D'après l'Enquête nationale sur les ressources des jeunes menées fin 2014 par l'Insee et la Drees, les aides des parents représentent un apport essentiel pour les 18-24 ans. Sept jeunes adultes sur dix bénéficient ainsi d'un soutien financier régulier, ce soutien concernant en outre neuf jeunes en cours d'études sur dix. Lorsqu'ils ne vivent plus exclusivement chez leurs parents, les jeunes en cours d'études perçoivent en moyenne plus de 500 euros d'aide parentale. Cette aide est plus fréquente pour les jeunes dont le père est cadre ou exerce une profession libérale (88 %) mais elle est courante dans toutes les catégories socio-professionnelles (68 % pour les enfants d'employé, 61 % pour les enfants d'ouvrier) 57 ( * ) .

La solidarité intergénérationnelle résiste à l'éloignement géographique car, contrairement à une idée reçue, cet éloignement est loin d'être nouveau. Au contraire, selon l'Unaf, la proximité géographique avec les grands-parents peut constituer un enjeu économique pour les familles et ainsi expliquer une partie des formes d'immobilité géographique constatées en France.

Les crises économiques, à l'image de la crise de 2008-2009, donnent toutefois une acuité nouvelle à la question des inégalités entre les générations : depuis les années 1980 et 1990, les jeunes, notamment peu qualifiés, arrivant à l'âge actif ont subi de plein fouet les dégradations du marché du travail 58 ( * ) . Elles posent aussi le problème de la soutenabilité générationnelle de notre modèle social, c'est-à-dire de la difficulté à assurer aux nouvelles générations un statut et une protection sociale aussi favorables que ceux de leurs aînés.

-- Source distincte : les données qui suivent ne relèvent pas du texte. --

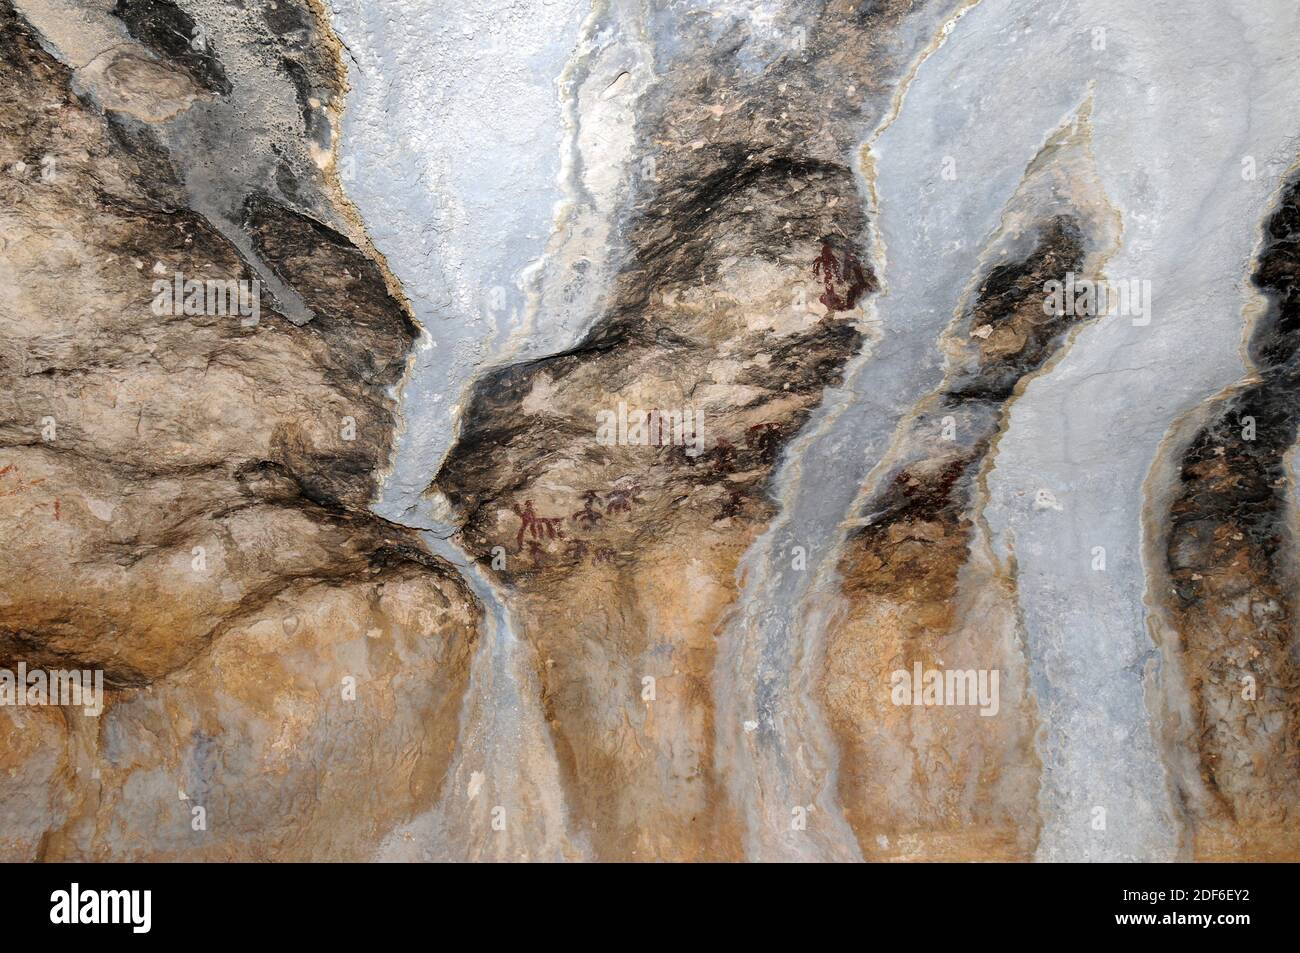 Tozal de Mallata, cave paintings. The precipitation of calcium carbonate is destroying the paintings. Asque, Colungo municipality, Sierra y Cañones Stock Photo

* 53 L. Davezies, « L'État a toujours soutenu ses territoires », Éditions du Seuil et La République des Idées, mars 2021.

* 54 Haut-conseil de la famille, de l'enfance et de l'âge, « Les ruptures de couples avec enfants mineurs », dossier de janvier 2020.

* 55 Drees, « Opinion des familles monoparentales sur les politiques sociales : un sentiment de vulnérabilité et une attente forte de soutien à la parentalité », Études et Résultats, avril 2021.

* 56 Panoramas de la Drees, L'aide et l'action sociales en France, éd. 2019.

* 57 Insee-Drees, « Les principales ressources des 18-24 ans », Études et Résultats, juin 2016.

* 58 Voir notamment « Les inégalités entre générations depuis le baby-boom », Insee, L'économie française éd. 2011.